Но ведь это и есть «талант?». Да. Я только помещаю талант глубже, чем обычно. И подчеркиваю: о «таланте» или «неталанте» Мамченко нельзя судить, рассматривая его стихи. В пользу таланта уже говорит, однако, вот это его «имение», его «важное»; он не находит слов для него, но может найти. Тут его коренное отличие от «неимеющего»: у этого, каким бы «мастером слова» он ни был, отнимется, в конце концов, и такой призрак таланта.

Но не спорю: в дар дается лишь возможность (потенция) таланта. Его, этот дар, можно зарыть в землю, как можно и не зарыть. Мы видели, что нужно, чтобы не зарыть; оно не легко, и лишь усилием берется… Поэтому не будем пророчествовать о Мамченке: мы дальнейшего не знаем, дальнейшее зависит от него.

Есть одна (среди сотни других) стихотворная книжка, которую мне хотелось бы взять — не для сравнения с Мамченкой (сравнивать стихотворцев бесцельно), а для кое-каких сопоставлений. Это «Аванпост» Л. Савинкова. Писать о ней «стихочеловеческую» рецензию почти невозможно: до такой степени мало в ней человека. Надо учитывать, конечно, молодость автора, но все же!
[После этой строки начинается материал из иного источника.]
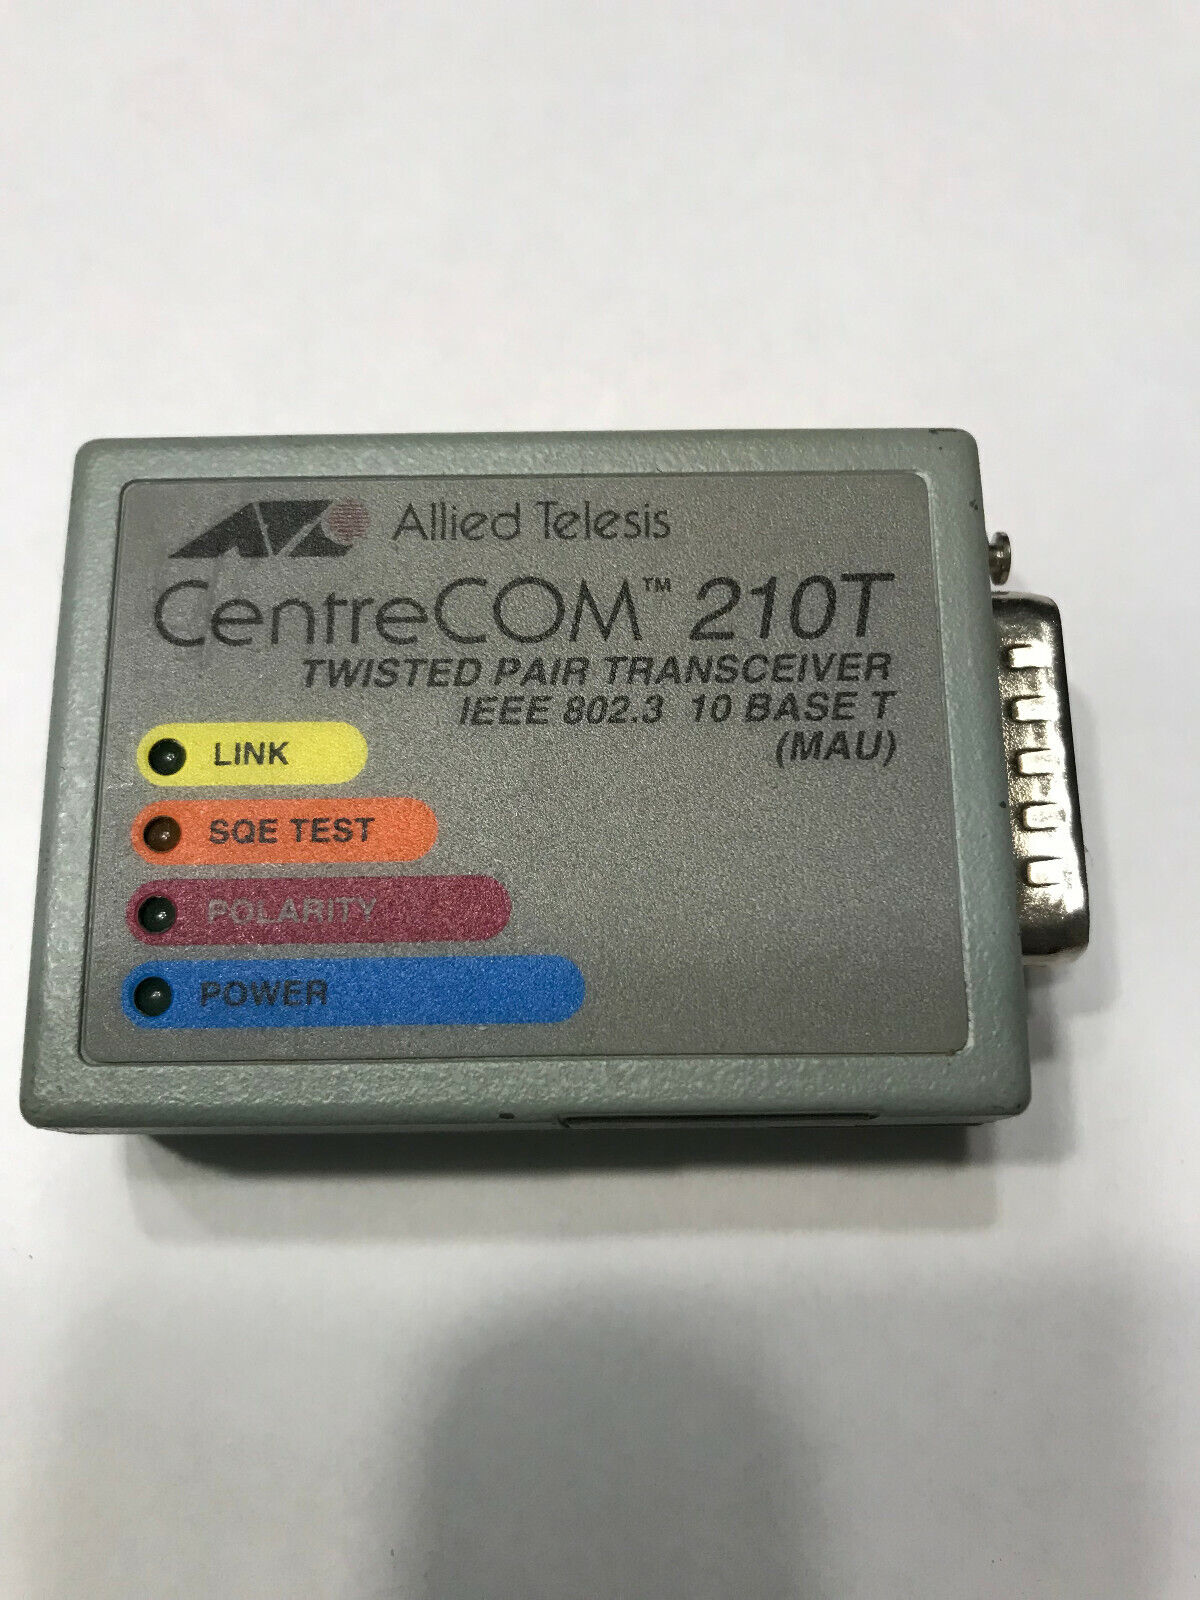 CentreCom 210T Twisted Pair Transceiver IEEE 802.3 10 Base T (MAU)

Ведь собственно о стихах и совсем нечего сказать: обычный «модерн», уже начинающий, кажется, приедаться и СССР-ским «поэтам». А сквозь «бодрость» и «молодечество» этих строф, как сквозь складки дырявого… импермеабля, видна душа уже озлобленна (в противоположность Мамченке, за стихами которого чувствуется какая-то «благость»), душа «в обидах», а главное — все время себя жалеющая. Опять в противоположность Мамченке: он себя не жалеет. Вот это последнее свойство — саможаленье — очень опасно и для человека, и для таланта. Ибо оно показатель отсутствия воли.

Не будем, однако, ничего предсказывать и о Савинкове, тем более что срывные вскрики его можно отчасти отнести и к молодости. Но пожелаем ему, забыв на время себя и свои обиды (как бы ни были они справедливы), в серьезном молчании приглядеться к окружающему. Период молчания и «собранности» очень помогает открытию в душе необходимого стержня… если он там имеется.